** EXERCISE **
Using the records below, quote only the span that opens with the line containing "Patenttvister I december" and closes with the line containing "Photo of VILLA", exactly and inclusively.

======== EXCERPTED RECORDS

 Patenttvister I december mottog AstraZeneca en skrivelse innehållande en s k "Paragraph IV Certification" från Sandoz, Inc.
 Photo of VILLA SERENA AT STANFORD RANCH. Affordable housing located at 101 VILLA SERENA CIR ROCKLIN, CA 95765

================
======== EXCERPTED RECORDS

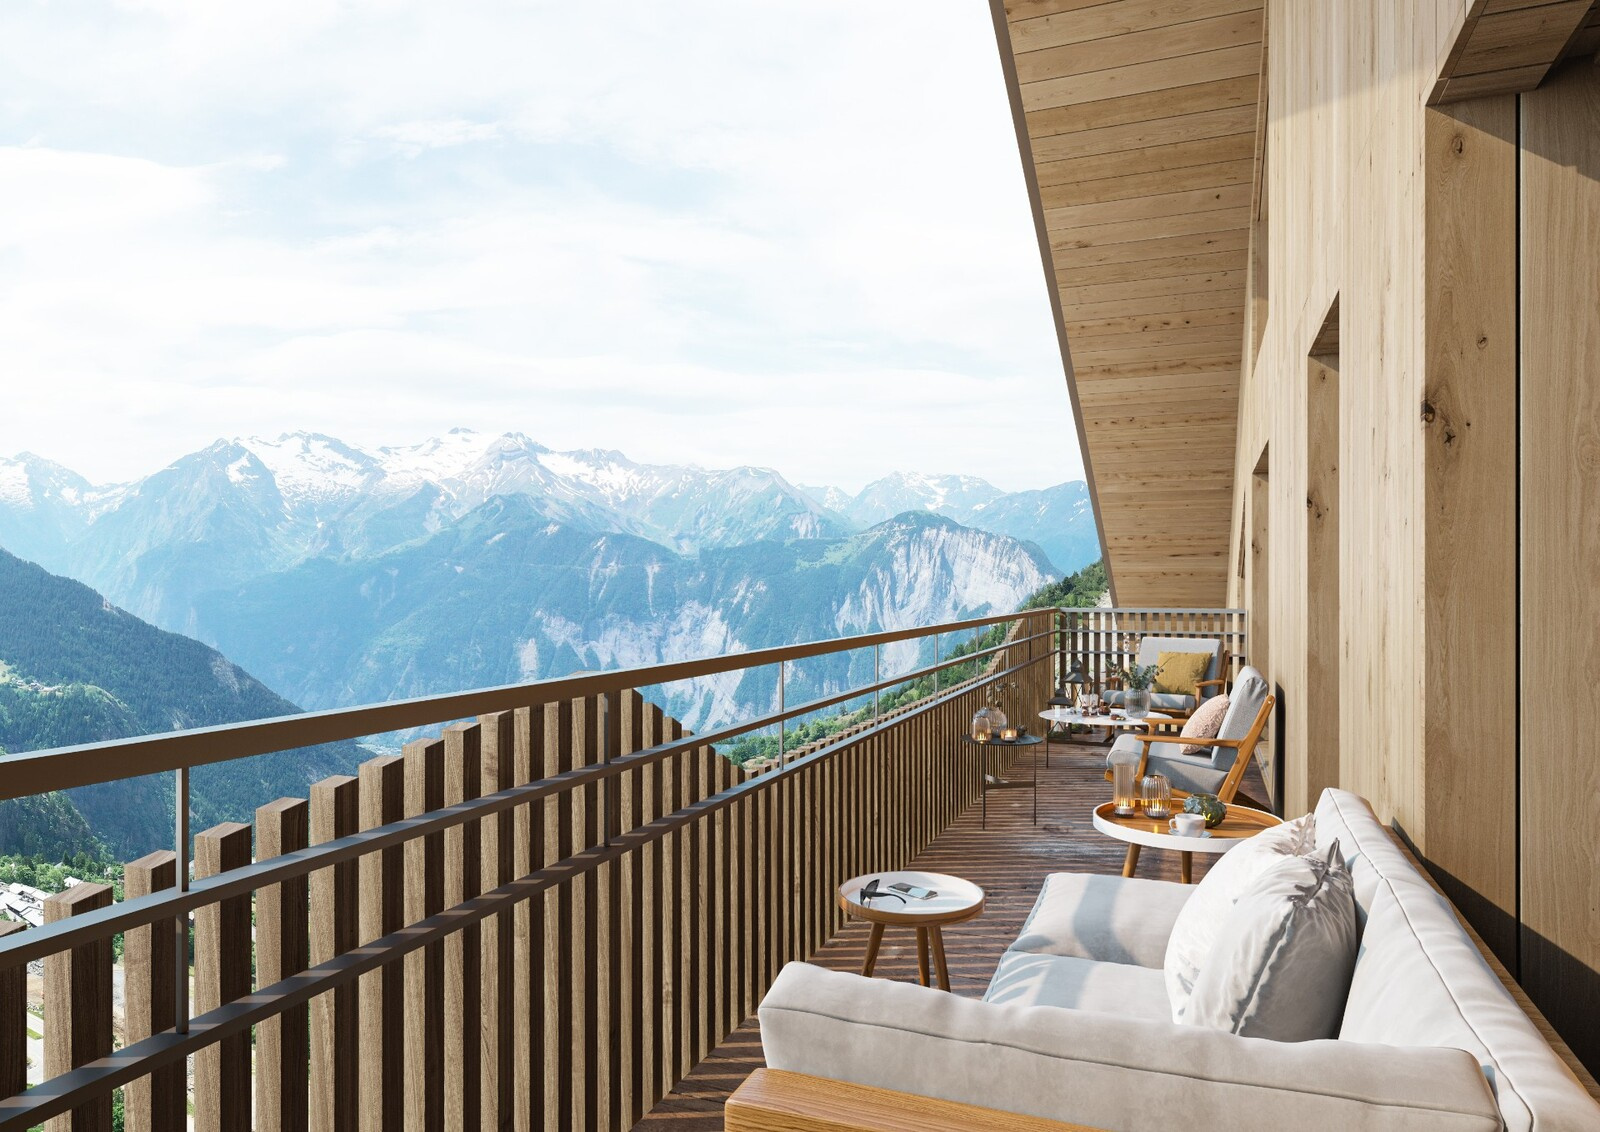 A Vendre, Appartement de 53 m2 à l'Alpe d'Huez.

================
======== EXCERPTED RECORDS

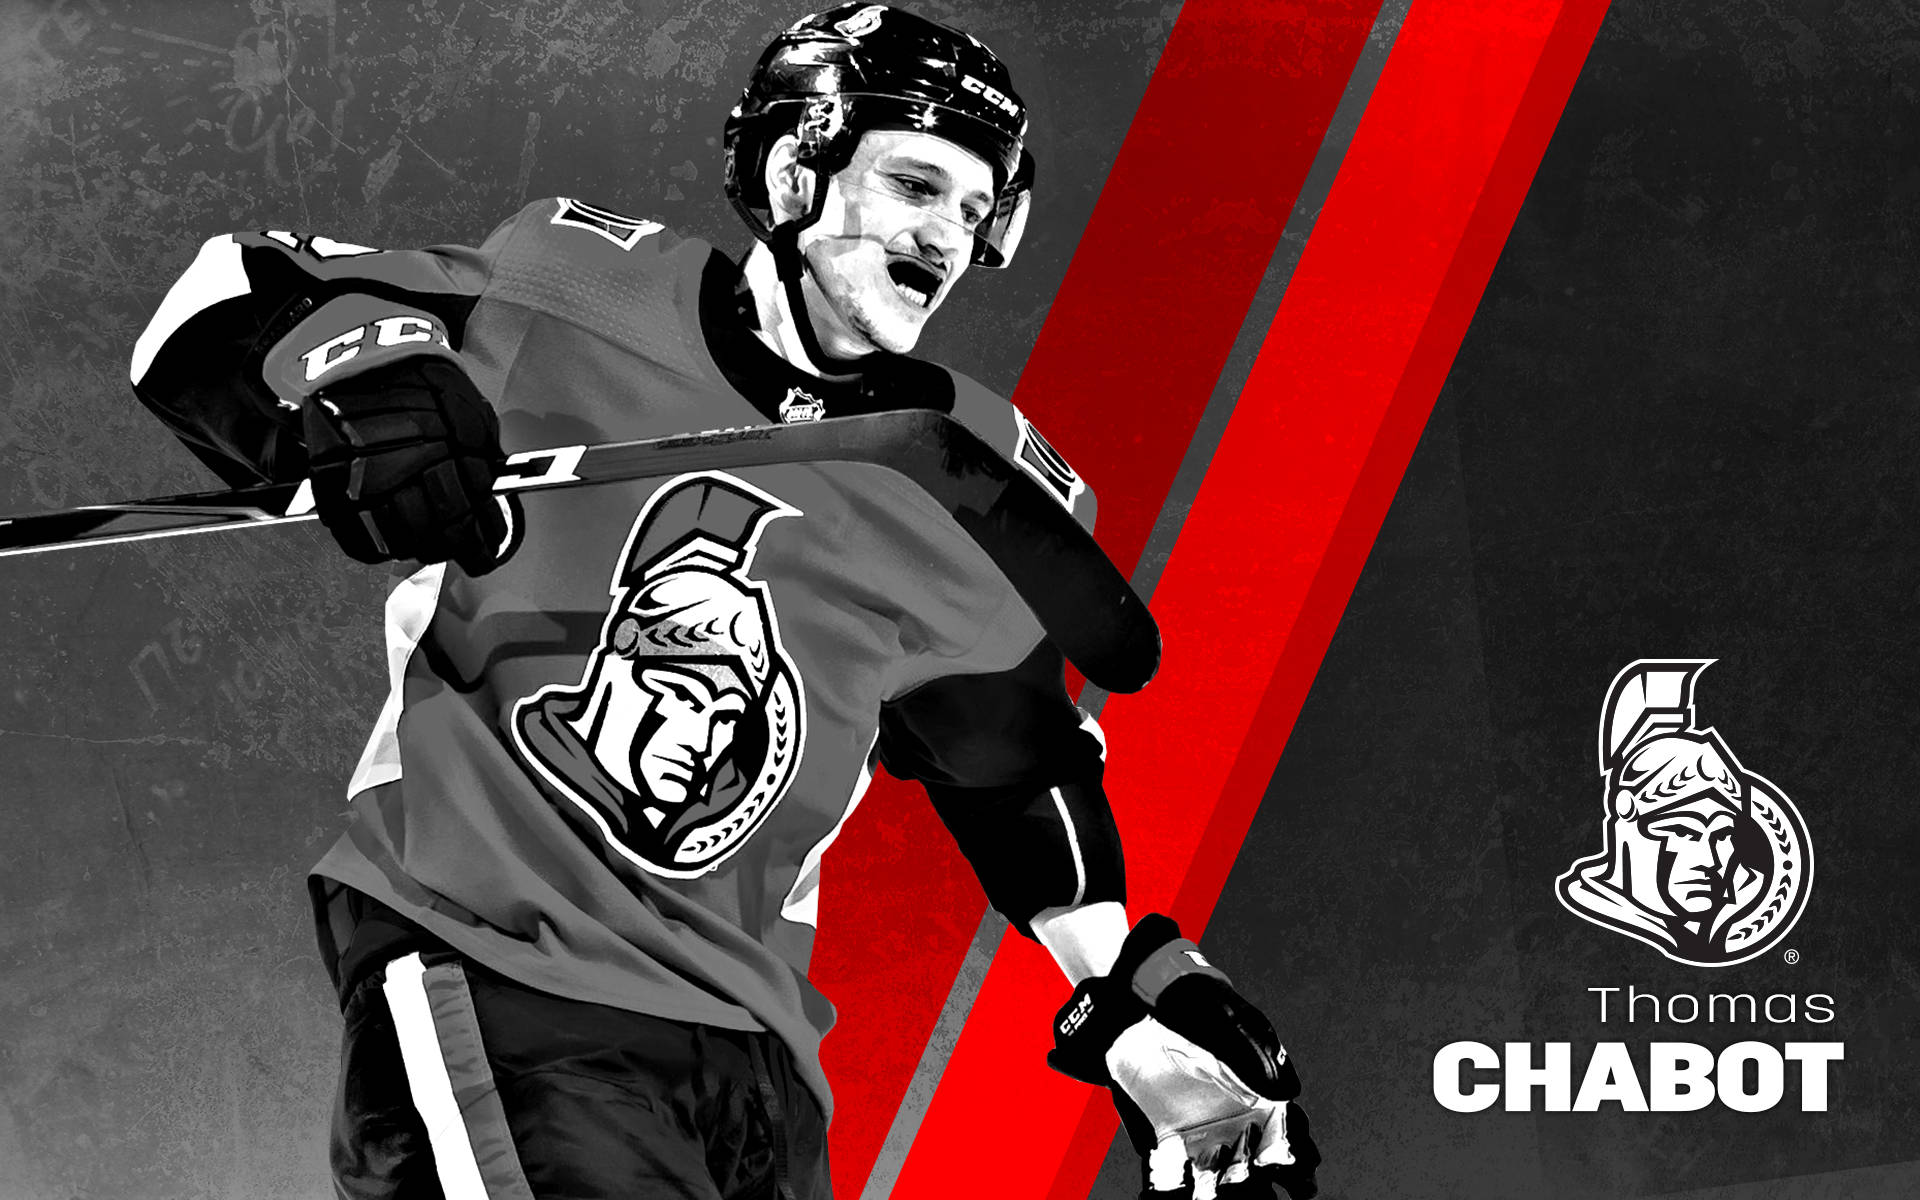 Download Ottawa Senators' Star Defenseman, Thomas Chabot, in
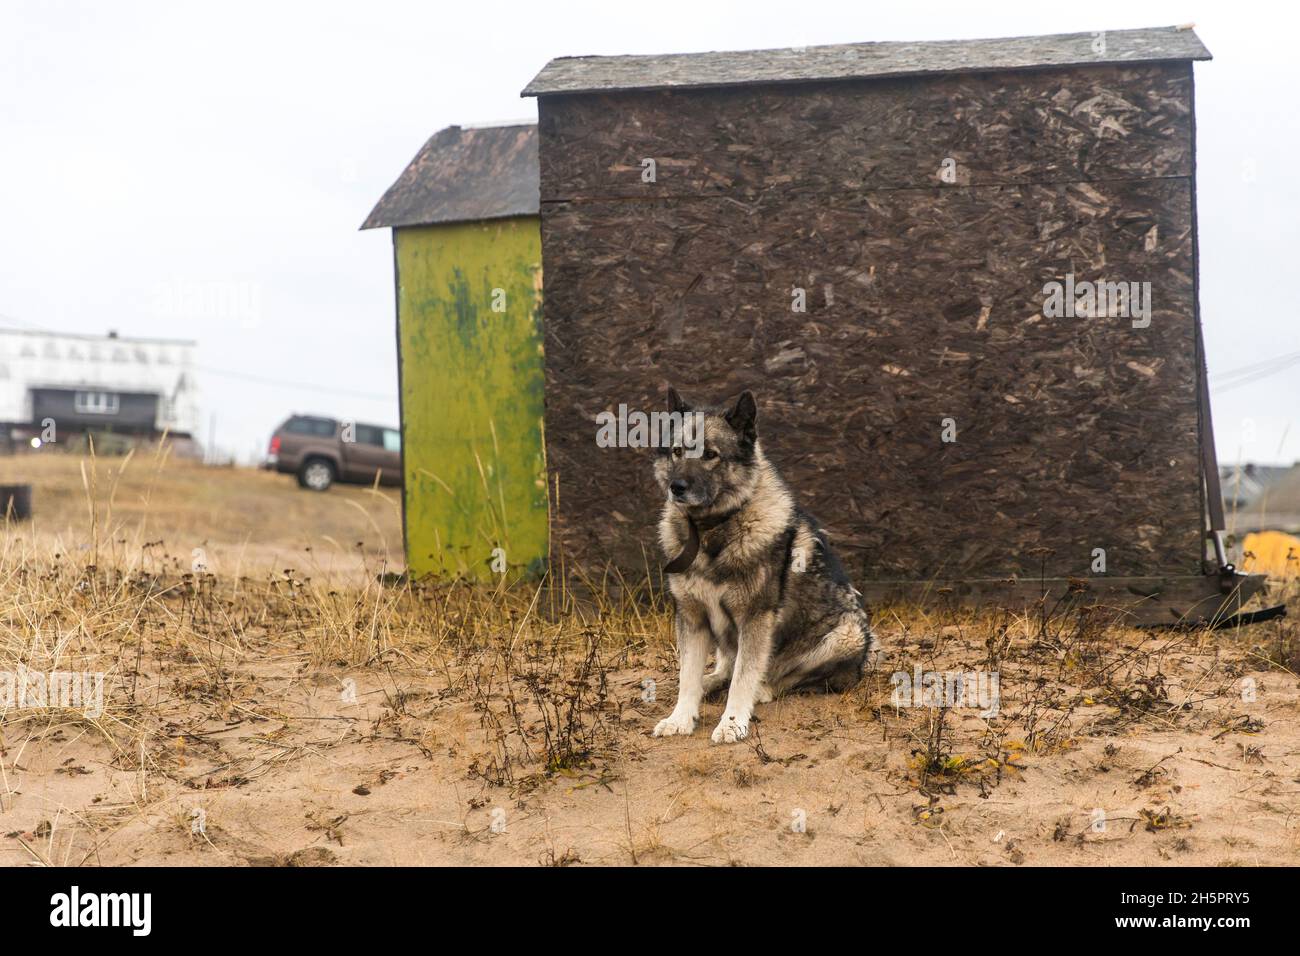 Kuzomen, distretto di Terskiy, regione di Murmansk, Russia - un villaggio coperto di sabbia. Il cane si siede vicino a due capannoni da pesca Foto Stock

================

** RESPONSE TO THIS TASK **
 Patenttvister I december mottog AstraZeneca en skrivelse innehållande en s k "Paragraph IV Certification" från Sandoz, Inc.
 Photo of VILLA SERENA AT STANFORD RANCH. Affordable housing located at 101 VILLA SERENA CIR ROCKLIN, CA 95765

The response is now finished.